Oui, Gilda, je n'ai pas encore commencé et j'ai déjà le weekend prochain en tête - et bien marqué sur le calendrier, un long weekend dans deux semaines!
Bonne rentrée (aujourd'hui, n'est-ce pas?) à ton grand garçon!
Je ne trouve rien de réconfortant à te dire tant je sais que la rentrée nous happe... Je regarde les réunions s'empiler dans mon agenda, malgré mes résolutions de REFUSER certaines tâches avec mon asso et de me ménager une soirée pour moi.
Malgré tout, je vais m'inscrire à un cours de taï-chi et prendre une femme de ménage.
ce système de contrôle des comm' est dingue ! Xème comm' perdu !!!
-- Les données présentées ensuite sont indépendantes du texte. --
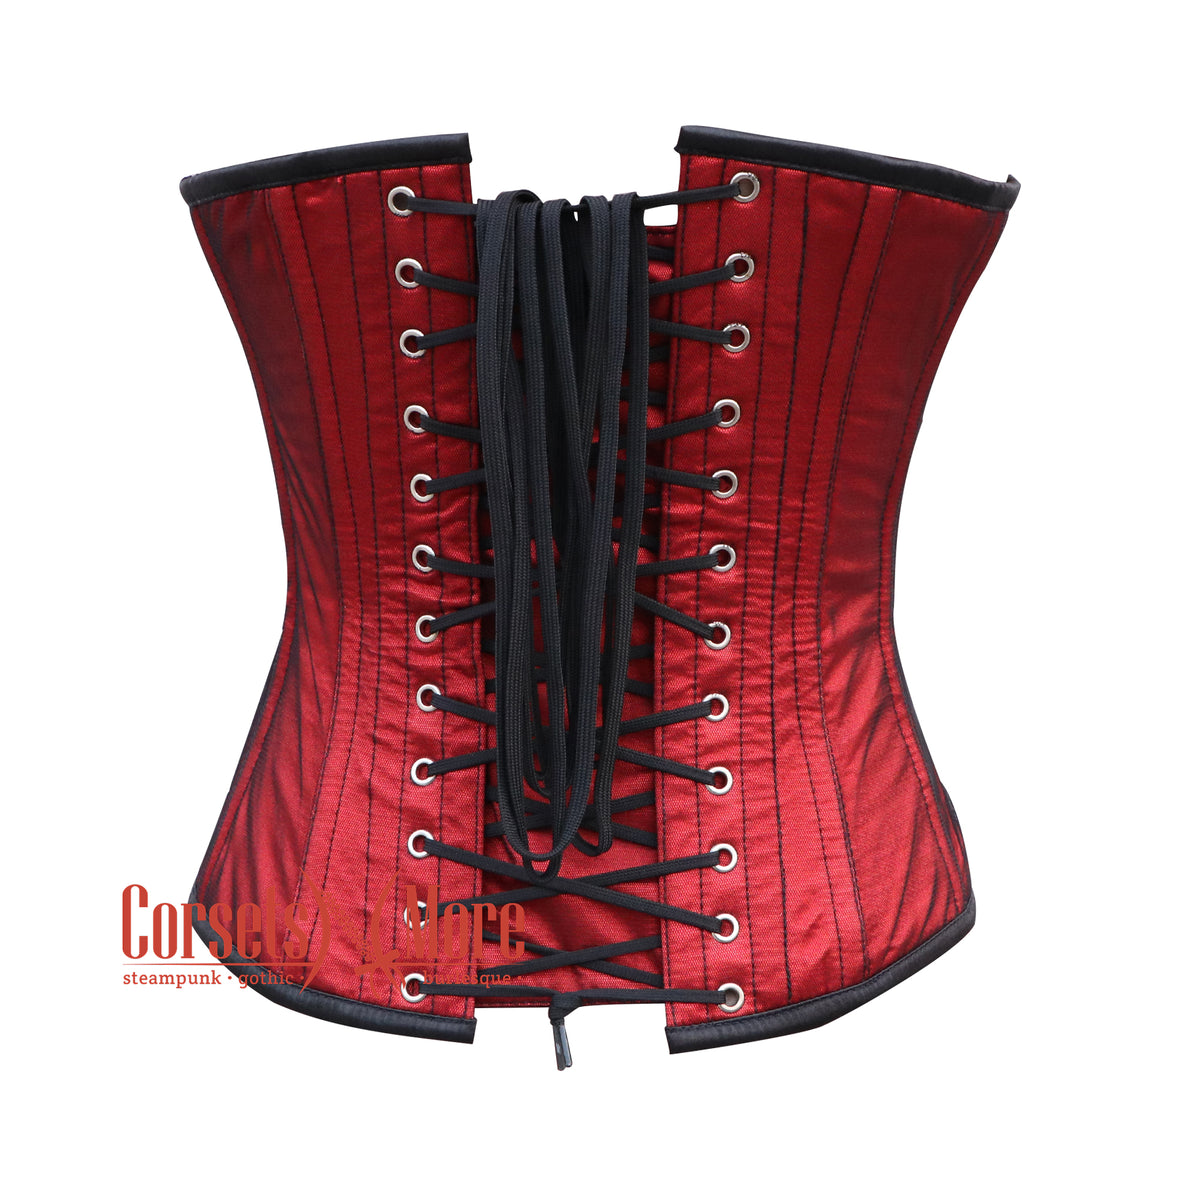 Fashion Womens Sexy Vintage Gothic Dotted Corset Bustier Color Red

J'ai l'impression que mes tout petits mots, mes minuscules conseils seront tellement vains.. J'espère que tu vas trouver la force de t'attaquer à tout cela, par un côté ou tout en même temps, et que tu verras malgré tout, toutes les belles choses, les contacts humains sympathiques autour de toi.. Je pense à toi. XX
Je vous souhaite beaucoup de courage Lola pour cette rentrée et toutes ces choses difficiles à surmonter.
Je vous lis depuis longtemps mais n'ai jamais osé laisser un commentaire.
Pour moi aussi, cette rentrée est particulière. J'entame (enfin) une procédure de divorce et me prépare à quitter dans quelques mois la maison où je vis. Et après ? Après c'est à nouveau le saut dans l'inconnu. Vos mots résonnent souvent...
Hélène
Ah comme j'aimerais t'aider mais tout ce dont tu as besoin comme aide, c'est impossible à distance. Personne ne peut t'aider à dépatouiller les petites annonces pour un appart' déjà ?
Bisous Lola.
Samantdi, bon courage pour cette période qui effectivement nous "happe" (tant qu'elle ne nous broie pas...), et bravo pour le tai-chi et la femme de ménage, excellentes résolutions (et complémentaires, en plus!). Demain, je retrouve mes élèves, mais aujourd'hui c'était le dernier jour de préparation avec "mes" profs, dont deux tout neufs dont il faut s'occuper particulièrement.
Quant à la modération des comm, je vais peut-être m'en débarrasser, l'ennuyeuse qui me l'avait imposée ne s'est pas manifestée depuis un moment.
Noémie , le bon côté des choses et les jolis contacts humains, c'est ici aussi que je les vois :) Merci d'être toujours là!!
Hélène , je suis de tout cœur avec vous. Quitter ma maison a été l'un des moments les plus douloureux de l'année qui vient de s'écouler. Courage!
Myosotis , tu m'aides toujours, tu le sais! (et tu as vu l'écharpe bleue au milieu de mon bazar? :)
Pour l'appart', j'ai presque un an, je ne me presse pas. Mais je sais que j'aurai de l'aide (pas moins de 15 personnes sont venues m'aider à déménager en janvier...), et ça me fait chaud au cœur!
J'imagine ton état de lassitude devant la tâche à accomplir, les rentrées sont à chaque fois de tels électrochocs, alors gérer tout ça toute seule avec tes 2 garçons...
Je t'envoie de bonnes ondes pour affronter ça le plus sereinement possible (ou le moins mal...). Pour le reste, chaque chose en son temps... Je deviens très adepte du step by step, et finalement ça marche pas si mal.
Bises Lola!
Oh je connais ce sentiment qui nous prend quand une montagne de choses désagréables nous attendent et qu'on est seule pour gravir cette montagne. Le divorce restera je crois un des pires souvenirs de ma vie. Mais bon courage à toi. je pense à toi :-)
hummm... cette fois je n'ai plus ton adresse ! beaucoup de belles choses transatlantiques.